Software And Firmware
ASRocks promotes its A-Tuning software for the Z270 SuperCarrier, but it wasn’t ready for the board yet at the time of this test. Its Aura LED software works, and controls three on-board, separate zones (plus the single RGB case LED output).
The Z270 SuperCarrier defaults to an EZ Mode menu. Pressing the F6 key lets you enter Advanced mode, whereupon the boot mode can be changed to Advanced mode.
Normally capable of 4.80 GHz at 1.30V, our Core i7-7700K sample requires excessive voltage increases to go noticeably farther, regardless of the motherboard. Rather than reach that 4.80 GHz zenith, ASRock’s flagship board reached an AVX-capable stability limit of only 4.70 GHz.
Rated at DDR4-3866 for four modules at 1.35V, our DRAM hasn’t actually reached that rating (yet) without a little over-voltage. The Z270 SuperCarrier gets there with two modules installed, but only pushed a stable DDR4-3734 with four DIMMs in place.
ASRock’s CPU Load-Line Calibration works like several of its competitor’s technologies to keep the CPU voltage from dropping under heavy loads, and its Level 2 setting was most appropriate for our specific CPU and overclock settings. It still pushed the voltage beyond our desired 1.30V target however, and dropping to Level 3 caused the CPU voltage to plummet under load. A 1.280V nominal voltage setting is combined with Level 2 Load-Line Calibration to reach our target loaded voltage.

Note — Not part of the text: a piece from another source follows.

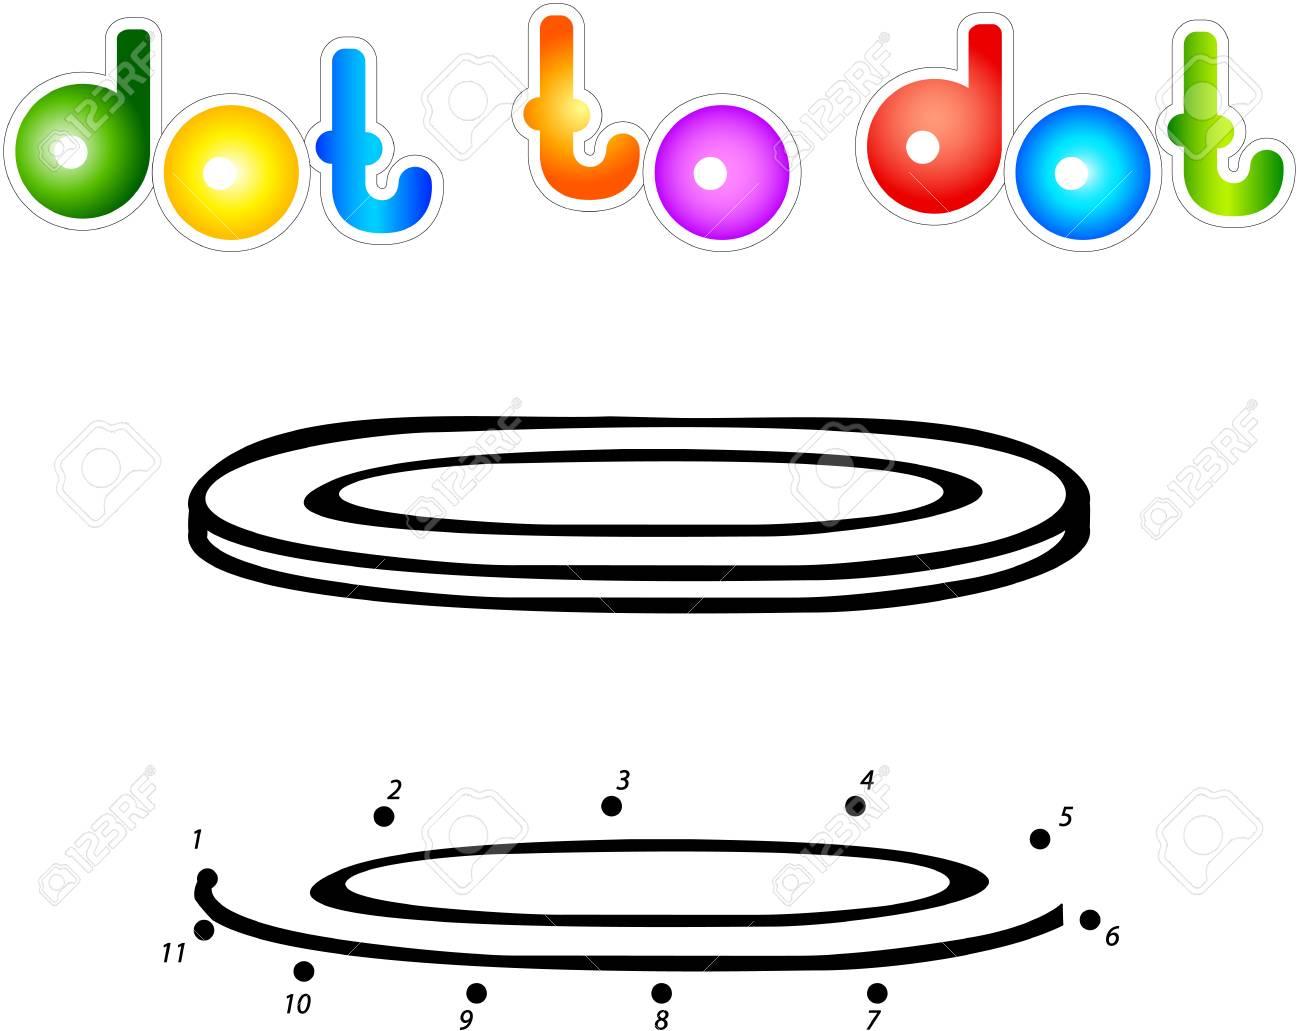 Segunda Placa De Punto A Punto De Libro Para Colorear Ilustración Vectorial Para Los Niños
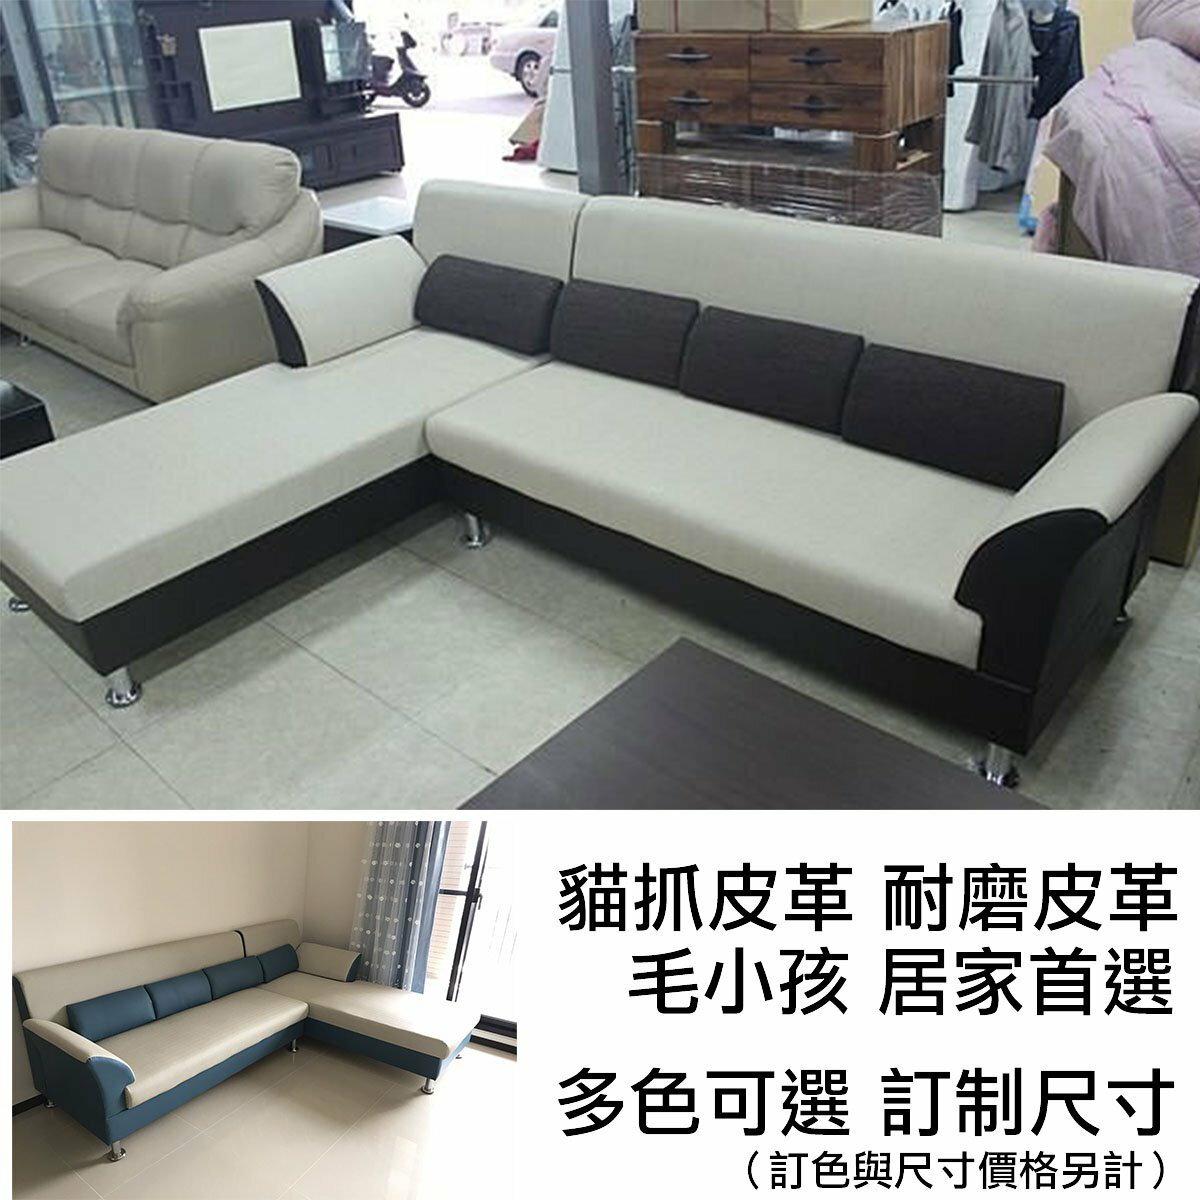 客訂sa-50 L型沙發

Voltmeters measure an average over a short measurement period, and ours indicates that the Z270 SuperCarrier’s 1.330V setting produces 1.349 to 1.354V at the DIMM slot. Though the extra voltage of a motherboard-default XMP-voltage setting might have produced a higher overclock, differences between manufacturers and even between products make this the most consistent method of giving every manufacturer and product an equal opportunity in the overclocking test.
The UEFI Tool menu provides settings such as Instant Flash, Internet Flash (which polls an ASRock server and downloads the file to a thumb drive for Instant Flash), and even a cached RAID driver for your Windows installation. Aura RGB menu appears identical to the Windows software version. The System Browser utility shows detected hardware, which might be useful for determining whether a part that doesn’t appear in Windows is being detected by the motherboard. The COM port is highlighted arbitrarily, since certain legacy devices aren’t detectable from UEFI.
Only two of the fan headers — CPU_Opt and CHA_Fan3 — are capable of controlling three-pin fans via voltage, and these are the same headers with 1.5A capability. Other headers are limited to PWM-based control, and have a 1A output limit.